**REQUIRED ACTION**
With the pictures left out, please write out exactly each line from the one containing "10.01.2011 Offhl 13,1." through the end of the material.

**DATA BLOCK**
= Beginning of Section =
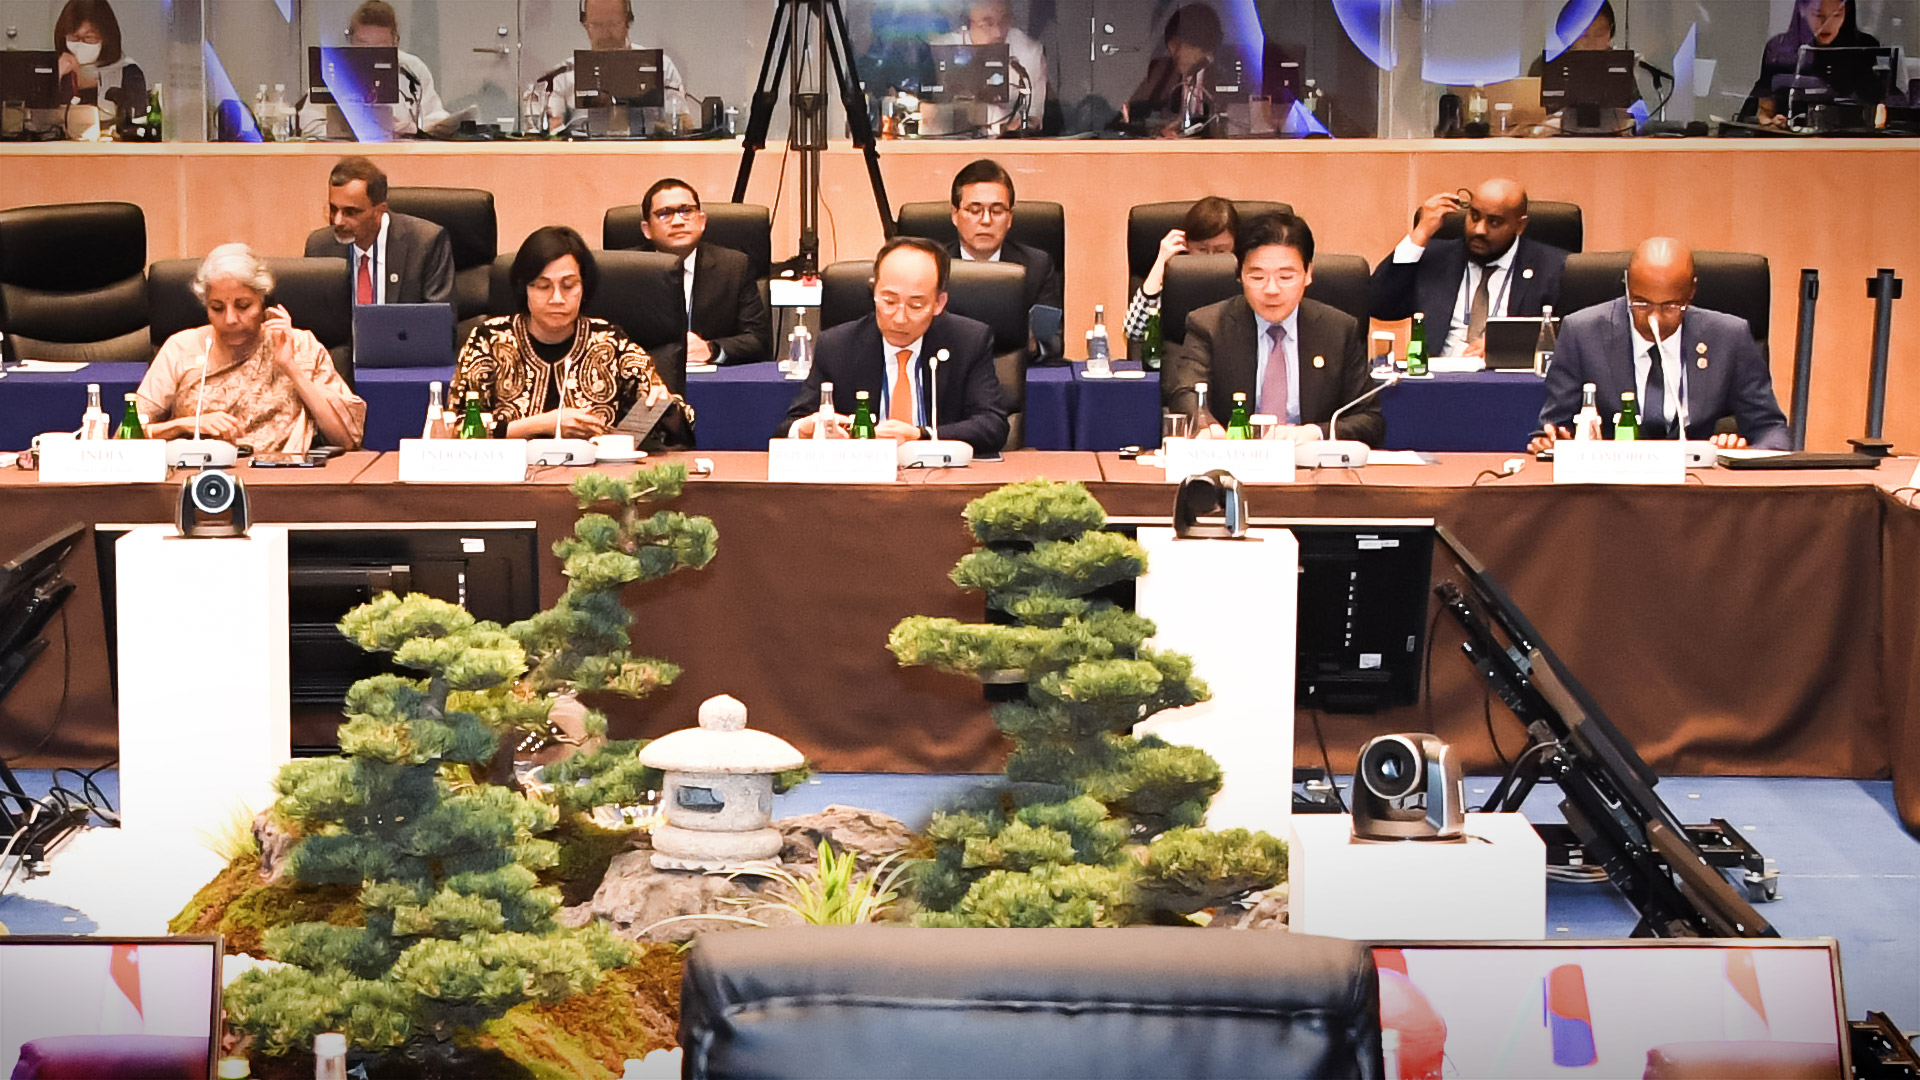 추경호 부총리 겸 기획재정부 장관은 5월 11일~13일, 일본 니가타에서 열리는 주요 7개국(G7) 재무장관·중앙은행총재 회의에 참석하여,  '개발도상국이 직면한 경제적 어려움 해결'과 '지속가능하고 포용적인 성장을 위한 글로벌 협력' 두 가지 세션에 대해 개도국의 빈곤 완화, 경제 성장 등을  지원하기 위한 정책 방안에 대해 제언했습니다.
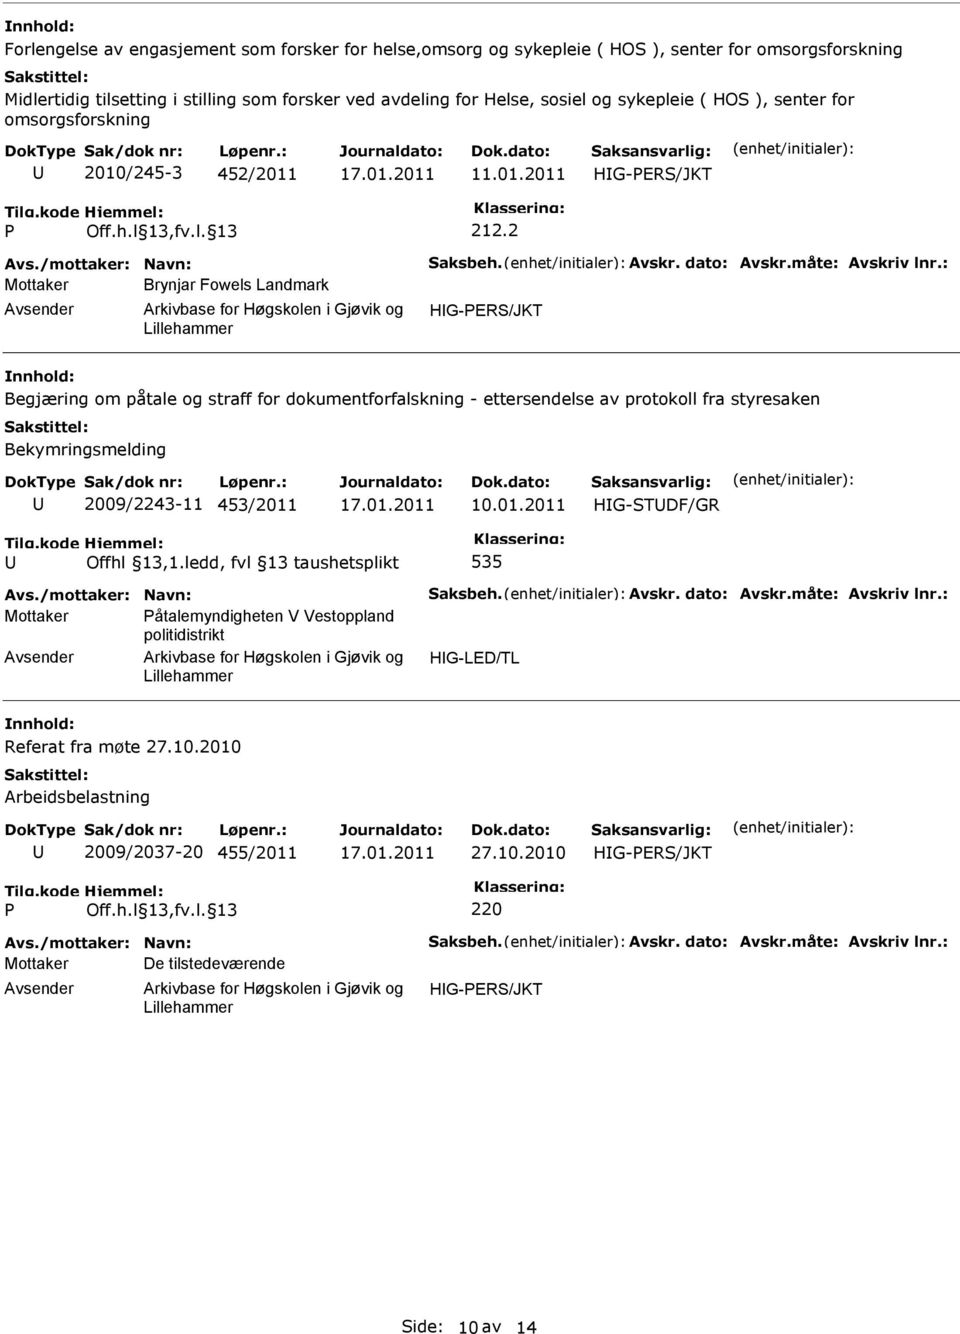 : Mottaker Brynjar Fowels Landmark HG-PER/JKT Begjæring om påtale og straff for dokumentforfalskning - ettersendelse av protokoll fra styresaken Bekymringsmelding 2009/2243-11 453/2011 10.01.2011 Offhl 13,1.
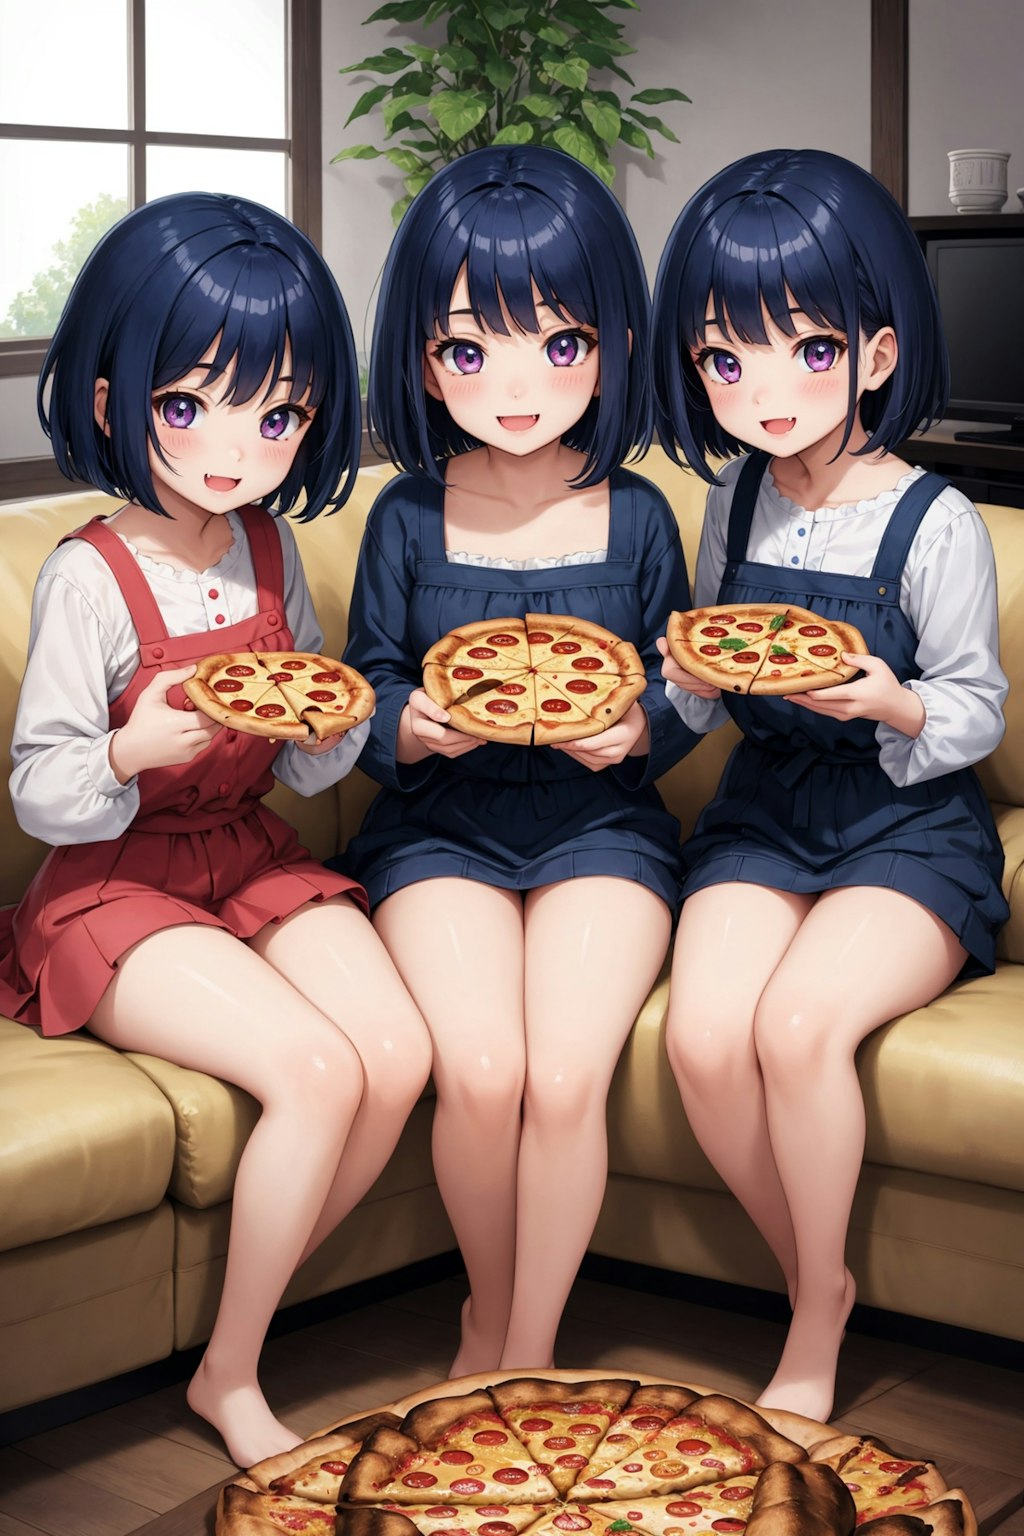 11月20日はピザの日 3姉妹でピザパーティ
= End of Section =
**SOLUTION TO THE PROBLEM**
 : Mottaker Brynjar Fowels Landmark HG-PER/JKT Begjæring om påtale og straff for dokumentforfalskning - ettersendelse av protokoll fra styresaken Bekymringsmelding 2009/2243-11 453/2011 10.01.2011 Offhl 13,1.
 11月20日はピザの日 3姉妹でピザパーティ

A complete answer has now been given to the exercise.